Data extract
Segment Open

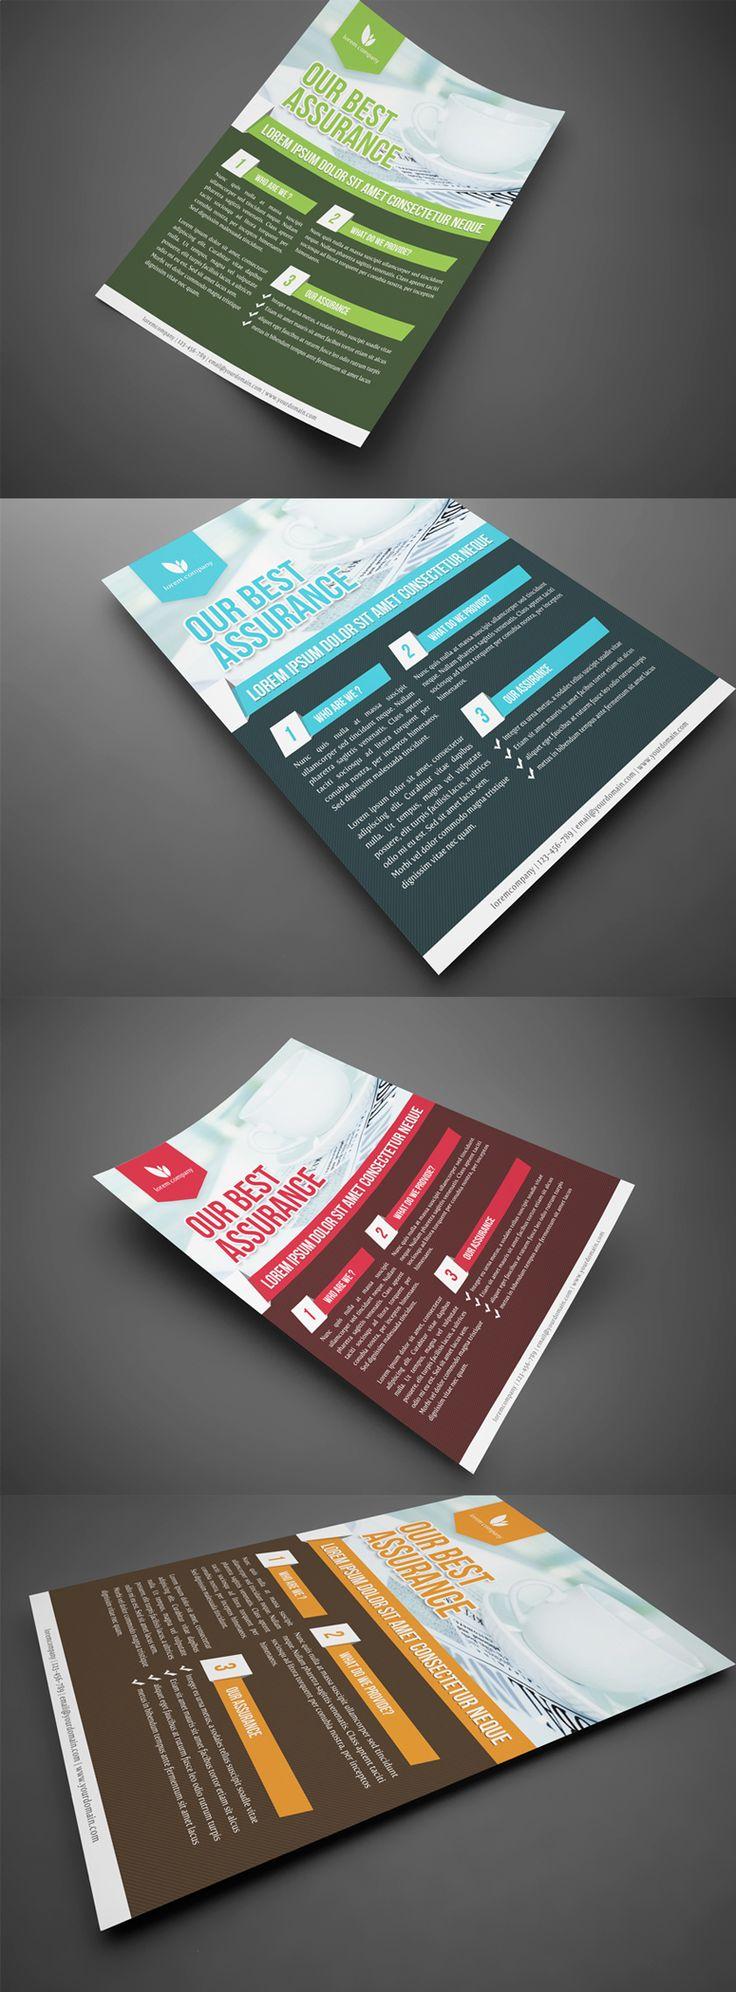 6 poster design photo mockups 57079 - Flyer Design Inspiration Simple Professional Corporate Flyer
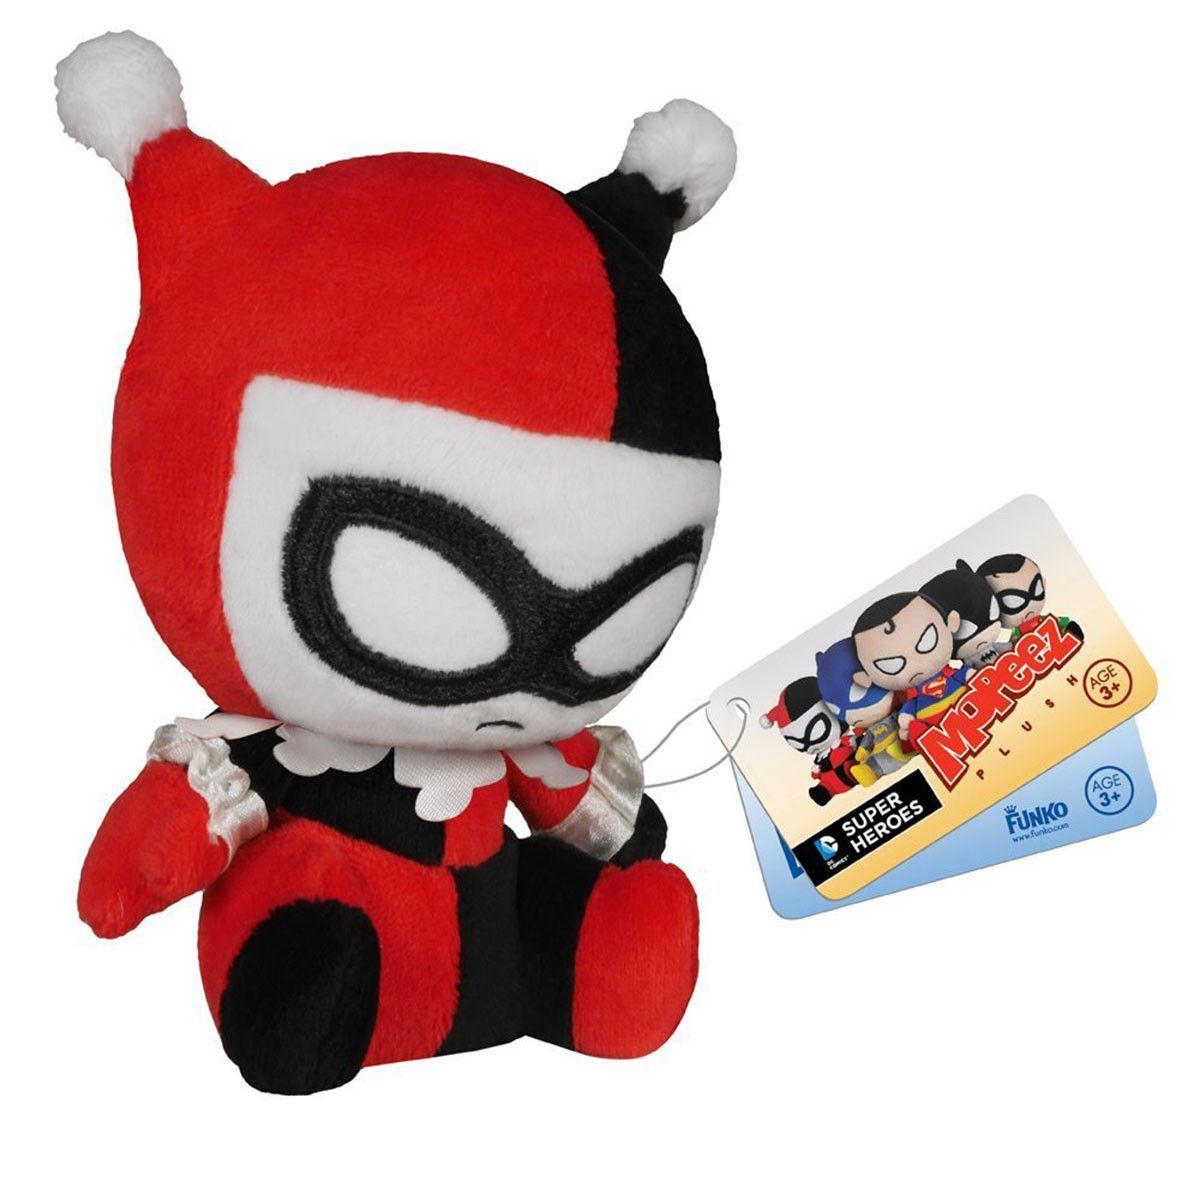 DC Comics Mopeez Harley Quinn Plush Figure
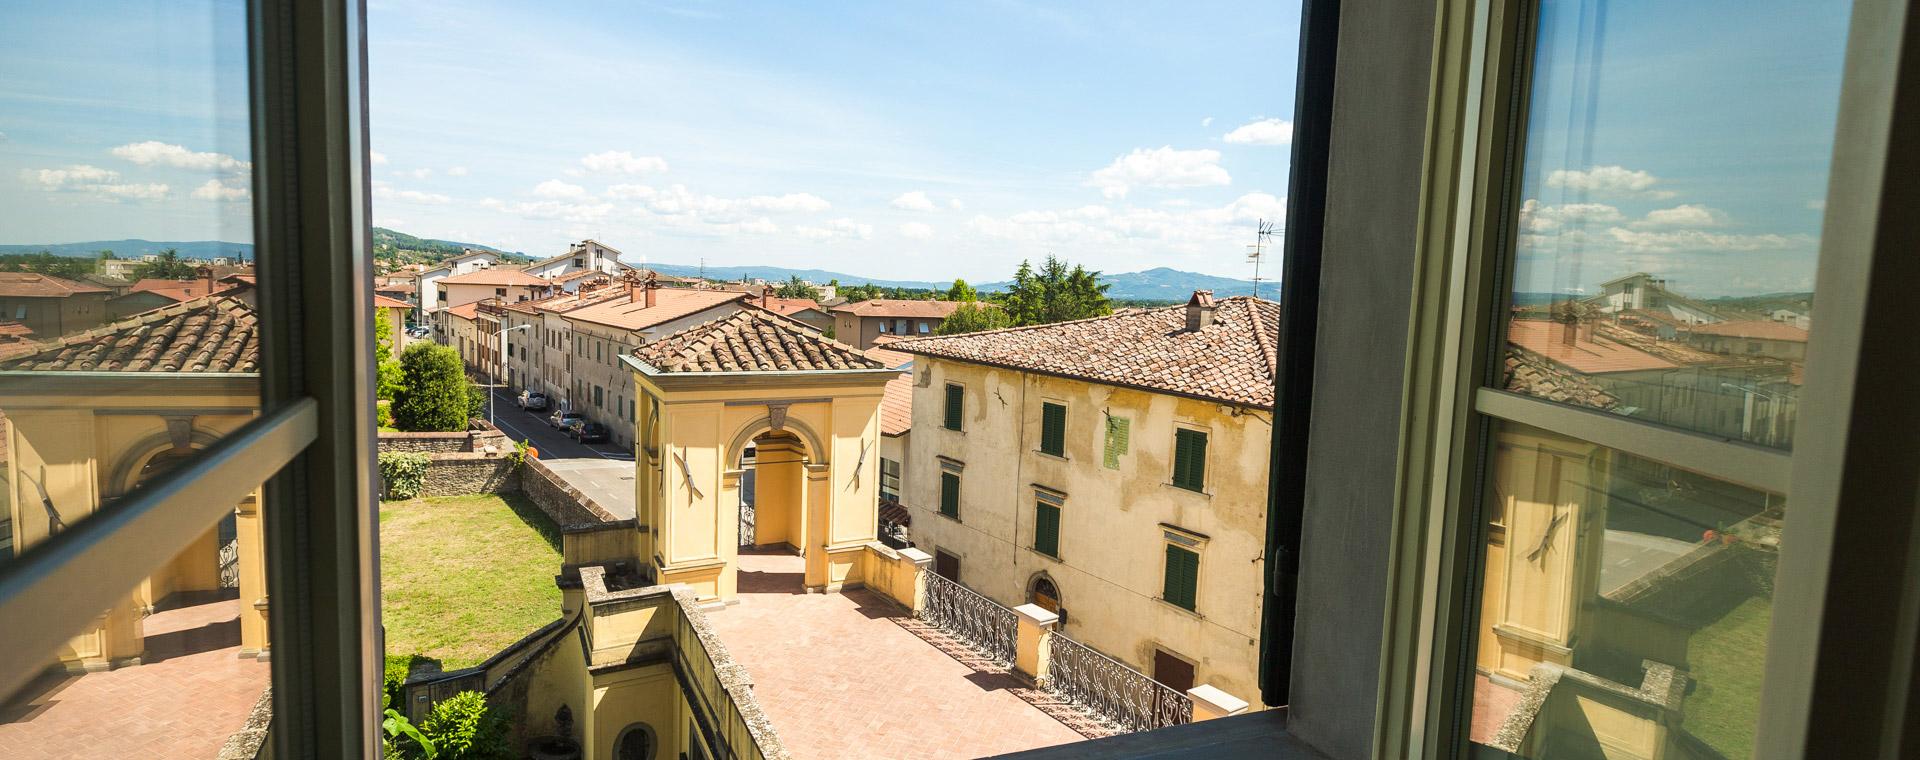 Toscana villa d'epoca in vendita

Segment Closed

What is being asked
Only the words belong in your copy: restate the data above exactly and leave the images out.

Exercise result
 6 poster design photo mockups 57079 - Flyer Design Inspiration Simple Professional Corporate Flyer
 DC Comics Mopeez Harley Quinn Plush Figure
 Toscana villa d'epoca in vendita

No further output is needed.